14. The apparatus according to claim 1, wherein an integrated circuit chip comprises the apparatus.

15. A method comprising:sampling, by a first sampler, an analog input signal on a first input channel to produces a first stream of sampled values;generating, by a first analog-to-digital converter, a first stream of digital data;sampling, by a second sampler, an analog input signal on a second input channel to produce a second stream of sampled values;converting, by a second analog-to-digital converter, the second stream of sampled values into a second stream of digital data;causing, by a clock generator in response to a mode instruction designating a custom operating mode, the first analog-to-digital converter to convert the first stream of sampled values into the first stream of digital data; andcausing, by the clock generator in response to the mode instruction designating a standard operating mode, the first analog-to-digital converter to convert the second stream of sampled values into the first stream of digital data.
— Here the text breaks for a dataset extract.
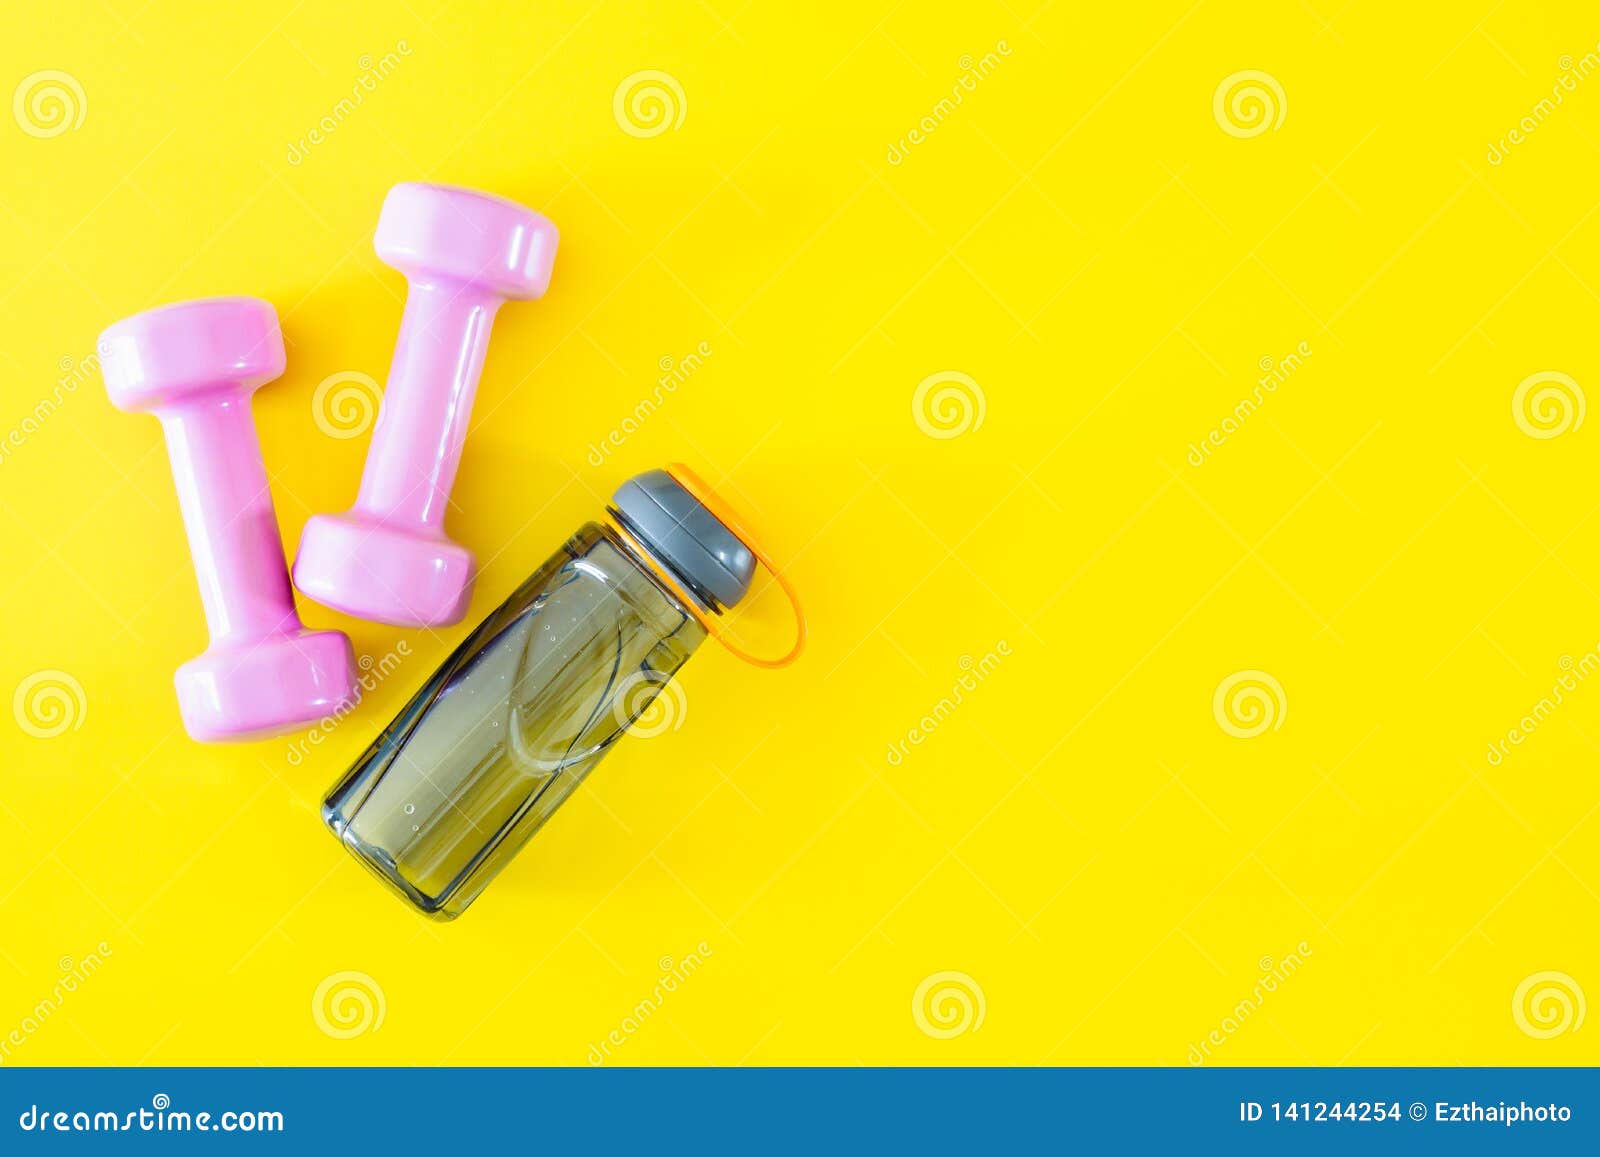 Download Top View Of Pink Dumbbells And Bottle Of Water On Yellow Background Fitness And Healthy Lifestyle Background Concept Stock Photo Image Of Copy Power 141244254 Yellowimages Mockups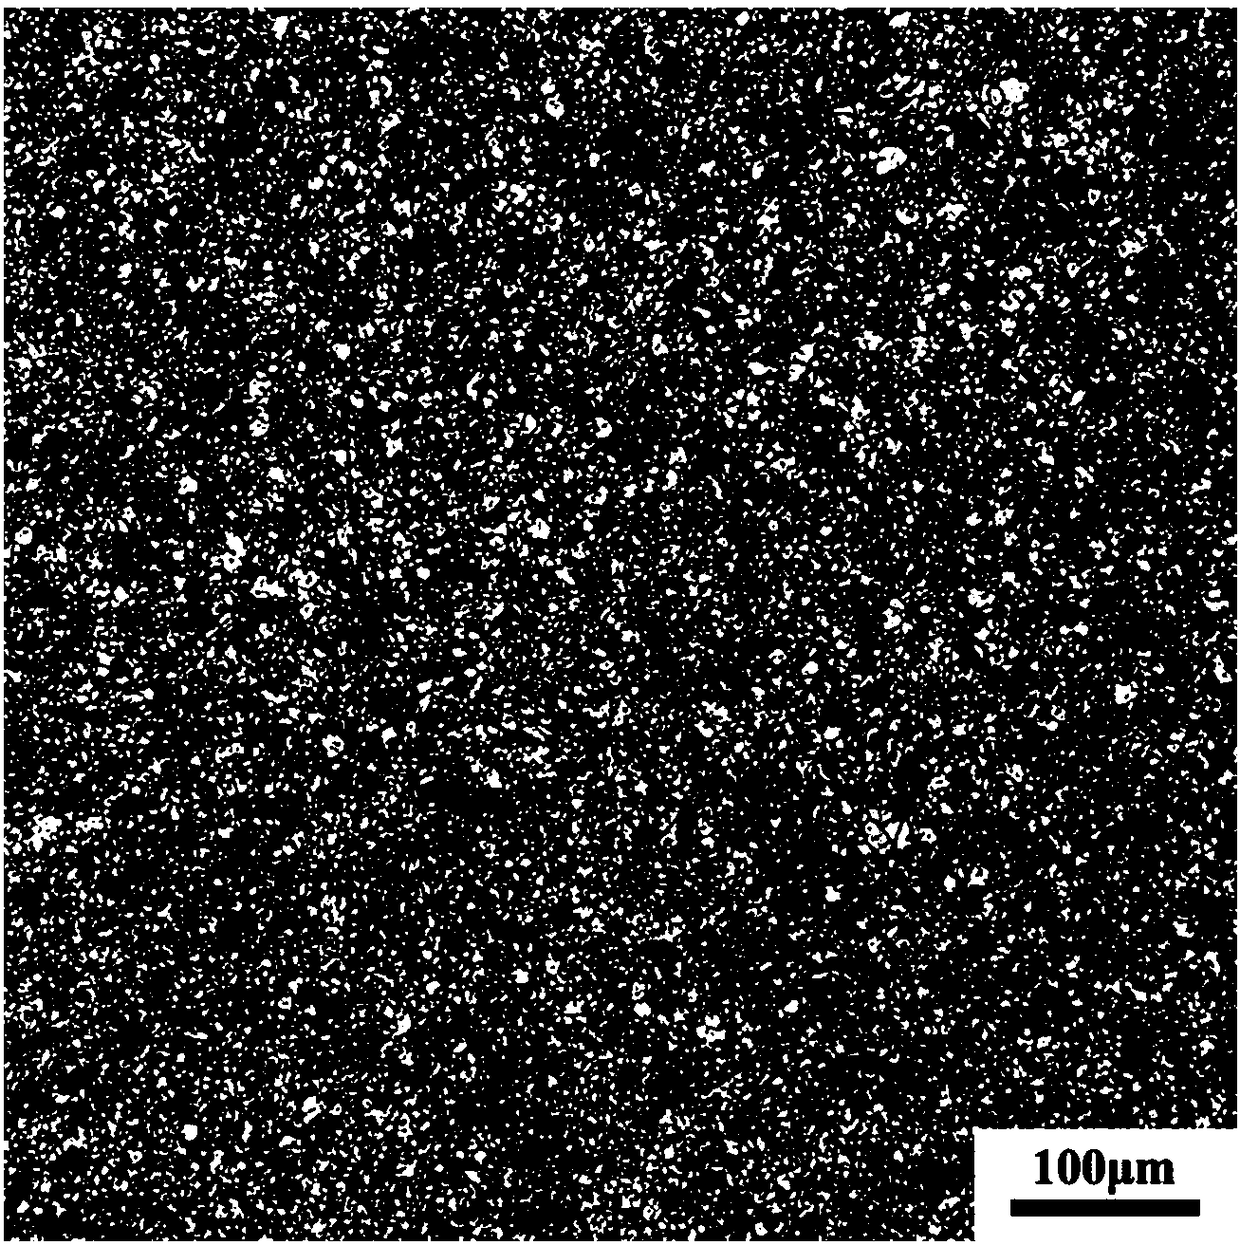 Multi-element composite enhanced magnesium alloy with high strength and low cost and preparation method thereof

16. The method of claim 15, wherein the first stream of digital data is concurrent with the second stream of digital data.

17. The method of claim 15, further comprising:receiving, by the clock generator, the mode instruction from a controller.

18. The method of claim 15, further comprising:generating, by a third analog-to-digital converter, a third stream of digital data.

19. The method of claim 18, further comprising:causing, by the clock generator in response to the mode instruction designating an alternative operating mode, the third analog-to-digital converter to convert a third stream of sampled values into the third stream of digital data.

20. The method of claim 19, further comprising:producing, by a third sampler in response to sampling an analog input signal on a third input channel, the third stream of sampled values.